L'Irlande n'exclut pas d'avoir recours au fonds de sauvetage de l'UE
L'Irlande n'a pas exclu dimanche (14 novembre) la possibilité de se tourner vers l'Europe pour recevoir de l'aide afin de lutter contre sa crise de la dette, ce qui ferait de ce pays le deuxième dans la zone euro à être "sauvé" après la Grèce.
L'Irlande n'a pas exclu dimanche (14 novembre) la possibilité de se tourner vers l'Europe pour recevoir de l'aide afin de lutter contre sa crise de la dette, ce qui ferait de ce pays le deuxième dans la zone euro à être "sauvé" après la Grèce.
"C'est au jour le jour", a déclaré lors de l'émission "The Week in Politics" de la chaîne nationale RTE le ministre de la justice Dermot Ahern lorsqu'on lui a demandé s'il mettrait sa réputation en jeu et affirmerait que Dublin ne demanderait pas d'aide.
Dans une déclaration électronique, un porte-parole du département des finances a déclaré que des contacts avaient été pris avec des collègues étrangers "à la lumière des conditions actuelles du marché", mais il a répété qu'aucune demande d'assistance n'avait encore été formulée.
Des sources à l'UE ont dit ces deux derniers jours que des discussions sur un éventuel sauvetage étaient lancées et que l'Irlande, avec les coûts de l'emprunt grimpant en flèche, ne s'en sortirait probablement pas sans aide.
L'Union européenne souhaiterait que l'Irlande accepte de l'aide, disent certaines sources, afin d'éviter un scénario similaire à la Grèce où les problèmes budgétaires d'un pays ont plongé toute la zone euro dans la crise.
M. Ahern a affirmé que l'Irlande n'était pas en train de mener des discussions sur une éventuelle aide.
"Aucune négociation n'est en cours. Si c'était le cas, le gouvernement serait au courant et nous ne le sommes pas", a-t-il dit à la RTE, ajoutant qu'il avait parlé au premier ministre Brian Cowen dimanche et au ministre des finances Brian Lenihan.
L'Irlande serait le deuxième pays de la zone euro après la Grèce à recevoir une aide internationale, mais, plus tôt, un autre membre du cabinet a déclaré que l'Irlande n'était pas comme la Grèce dans la mesure où elle était financée jusqu'à mi-2011 et qu'elle n'avait donc pas besoin d'aide.
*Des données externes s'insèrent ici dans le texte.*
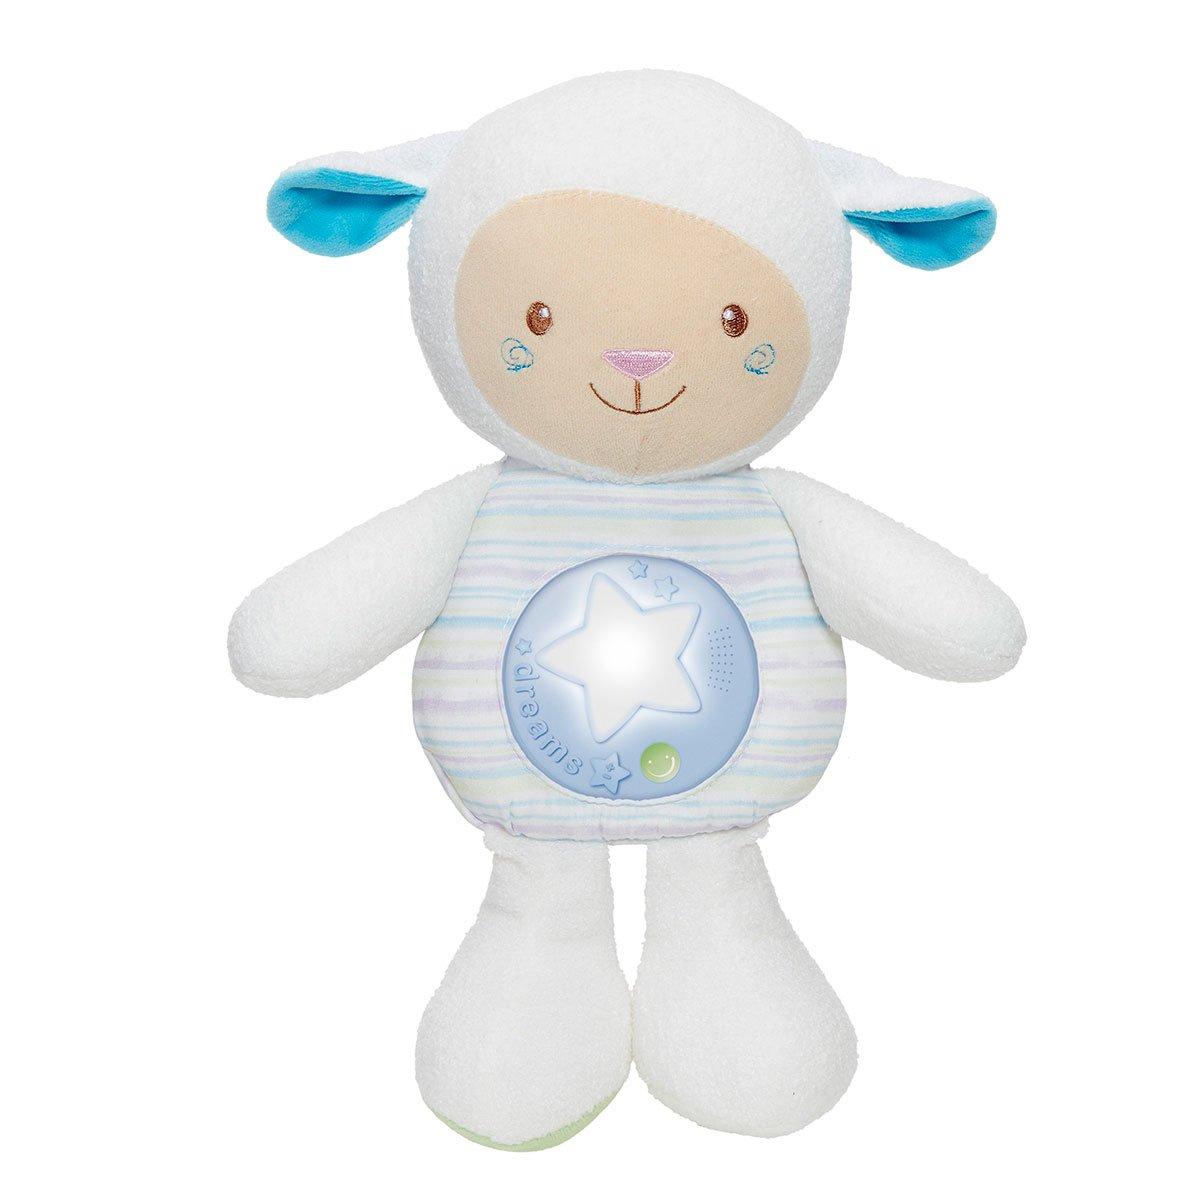 Chicco - Ovejita Dulces Nanas, suave peluche con proyector y sensor de sonido, color azul: Amazon.es: Juguetes y juegos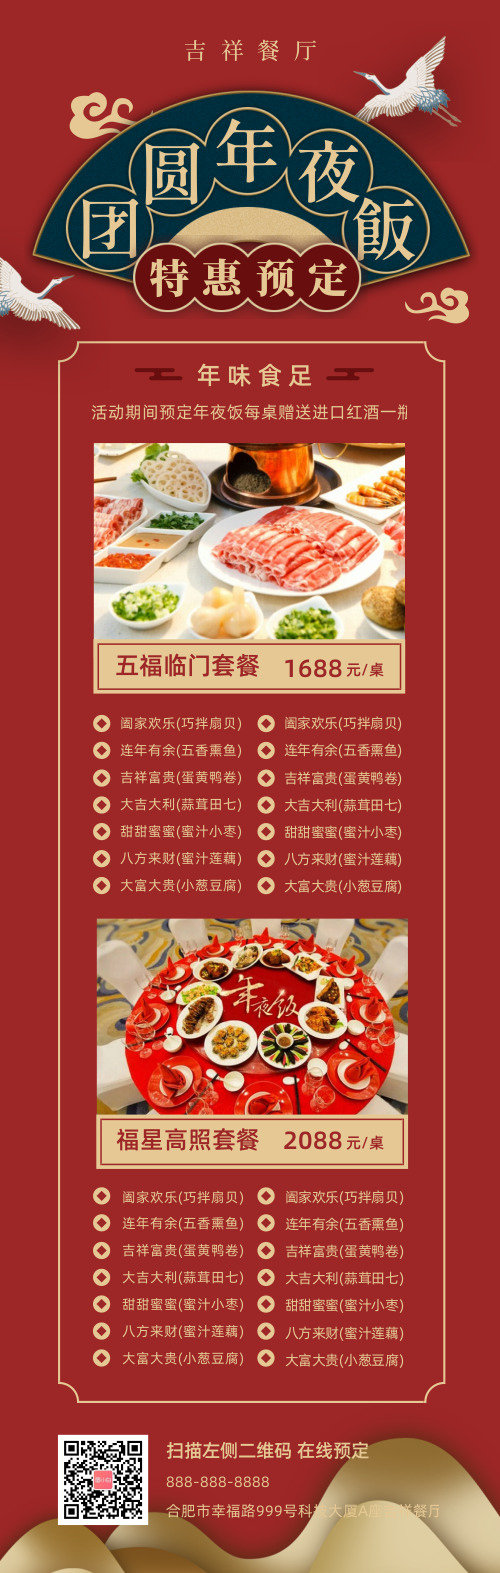 团圆年夜饭餐厅饭店预定餐饮业活动长图海报

"Nous pensons réellement que nous parviendrons à gérer cette économie", a dit le ministre de l'entreprise, du commerce et de l'innovation, Batt O'Keeffe. "Ce pays s'est battu pour sa souveraineté et il n'est pas prêt de la céder à qui que ce soit".
Il a ajouté que le Fonds monétaire international avait déclaré qu'il pensait que l'Irlande pourrait s'en sortir seule.
L'Allemagne ne fait pas pression
L'Allemagne, le trésorier en chef de l'UE, a dit qu'elle n'exerçait pas de pression sur l'Irlande pour qu'elle accepte de l'aide.
Des sources à l'UE ont dit que l'aide dont il était question serait de l'ordre de 45-90 milliards d'euros. Cela dépendra du besoin des banques endettées par la crise financière et un effondrement du marché immobilier.
Cette aide, si elle se révèle nécessaire, pourrait provenir du mécanisme de sauvetage initial de l'UE ou des 440 milliards d'euros du Fonds européen de stabilité financière (FESF) établi après que la Grèce a demandé de l'aide en mai.
Une source a expliqué que Dublin ne souhaitait pas utiliser de fonds d'urgence mais qu'elle n'aurait peut-être pas le choix si ses marchés financiers étaient à nouveau attaqués.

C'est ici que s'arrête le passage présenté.